Task description – Your task is to return, word for word, only the lines from the line with "NZ Coastline" through the close of the data. Exclude all pictures.
━━ Data extract
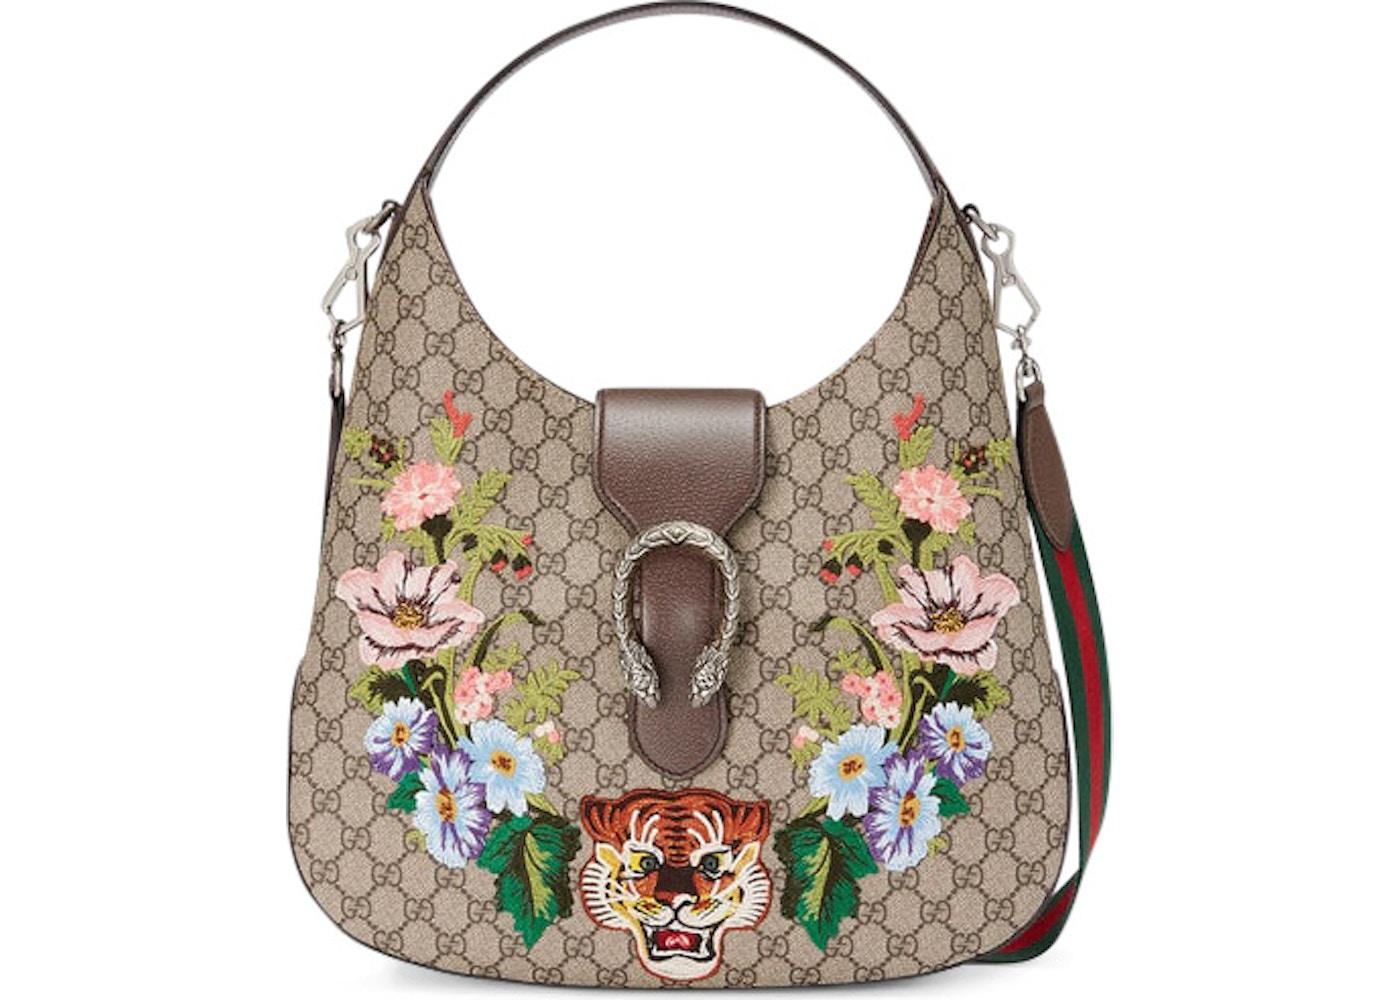 bb8db6b5 Gucci Dionysus Hobo GG Embroidered Tiger/Floral Medium Brown ...
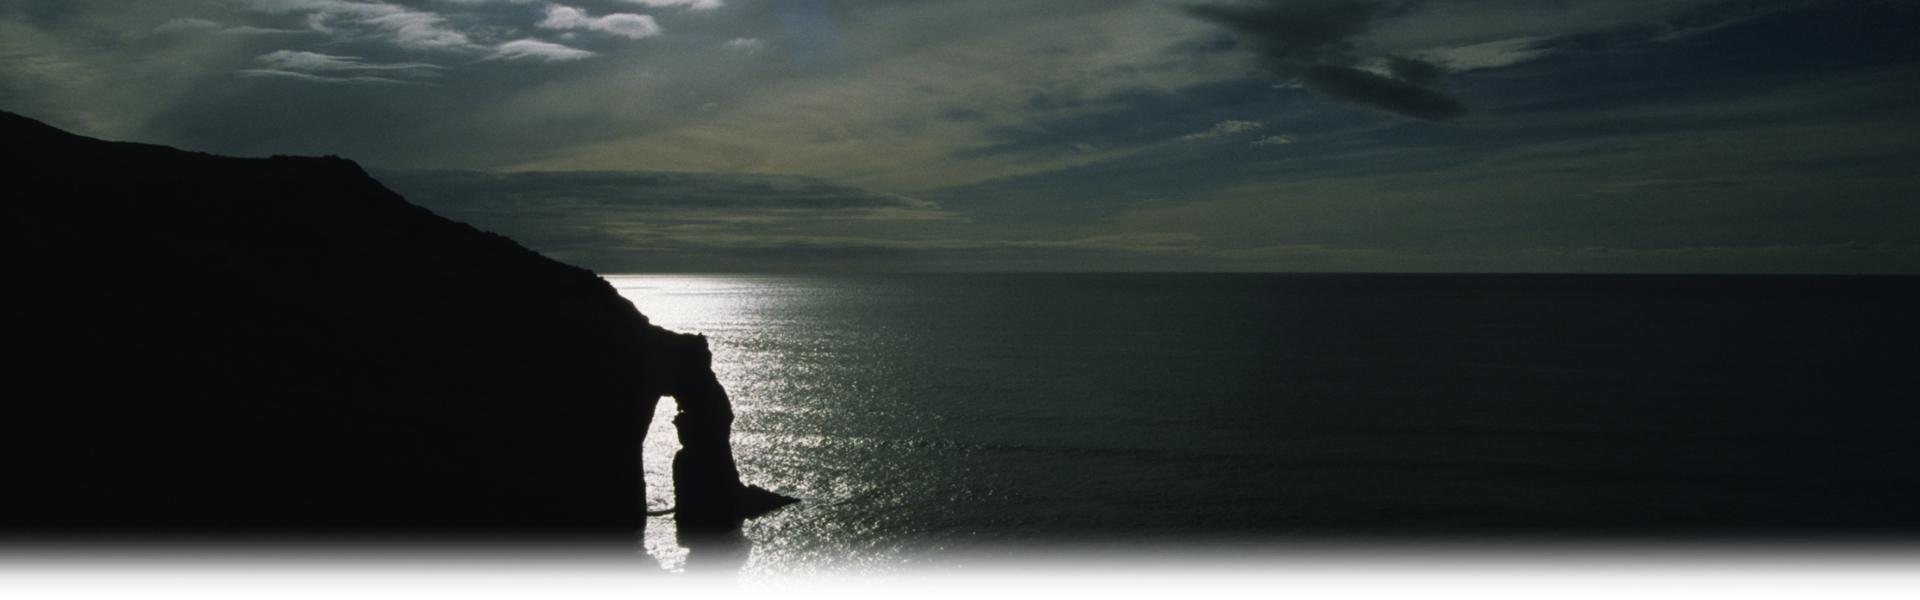 NZ Coastline
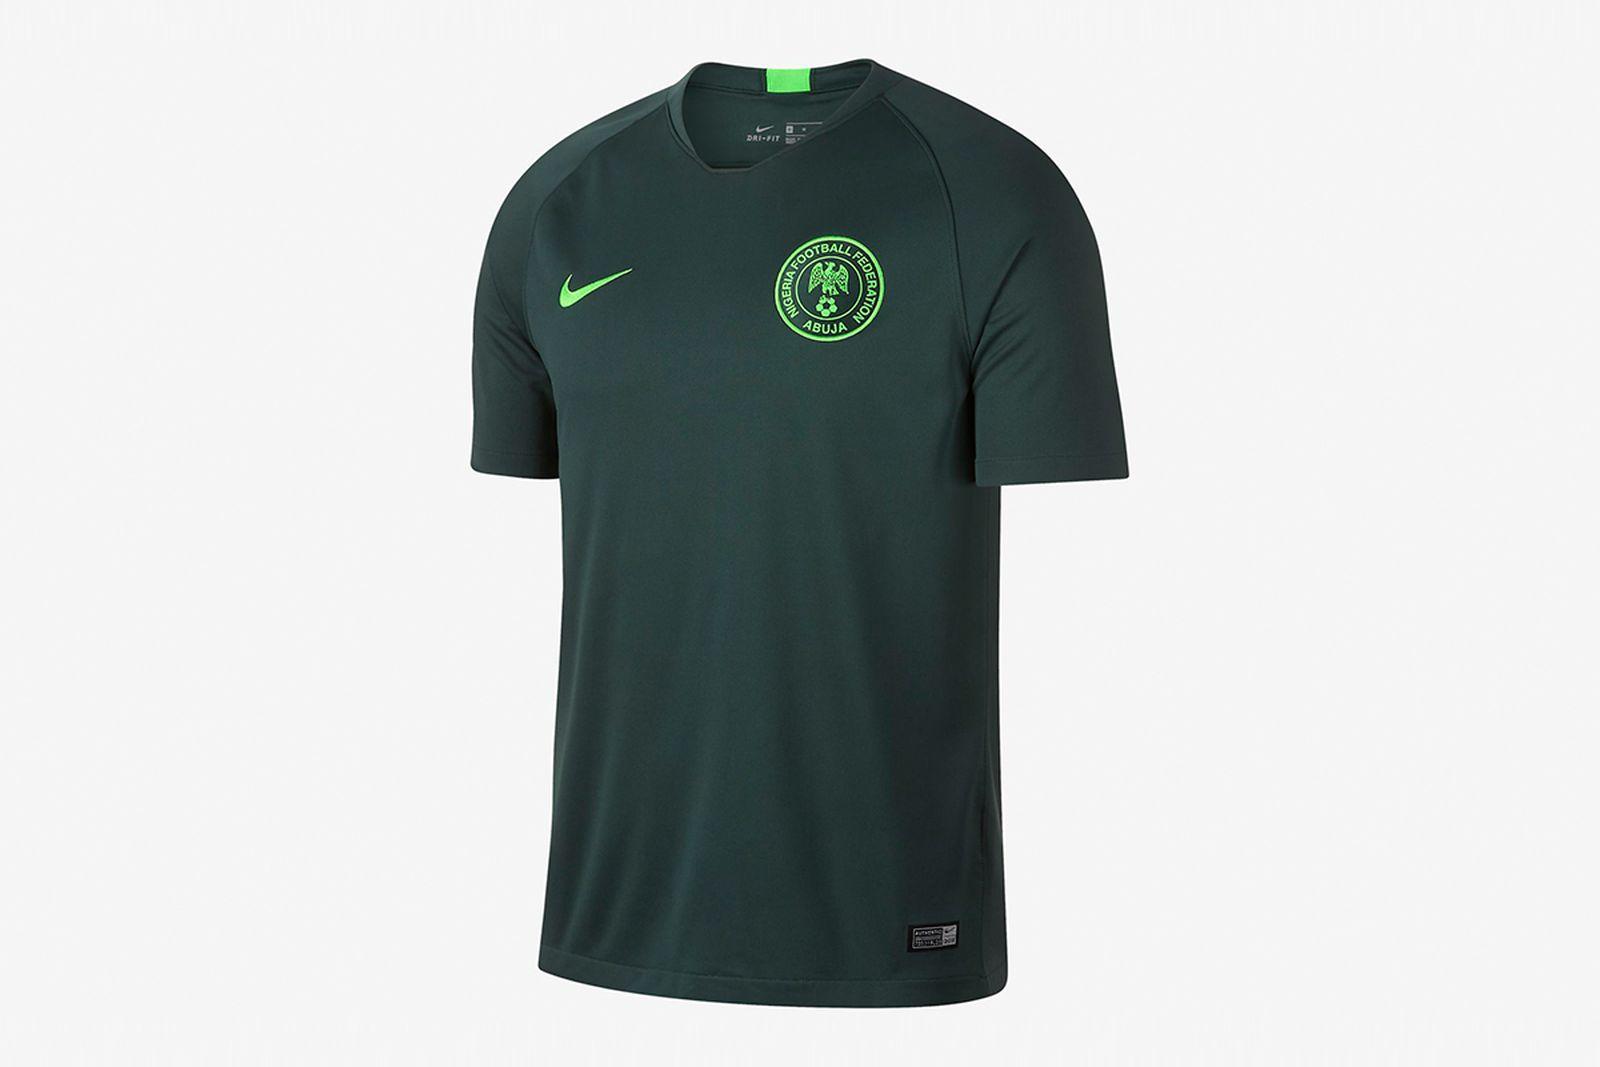 2018 nigeria stadium away jersey 2018 FIFA World Cup nigeria football kit
━━━━
Task response –
 NZ Coastline
 2018 nigeria stadium away jersey 2018 FIFA World Cup nigeria football kit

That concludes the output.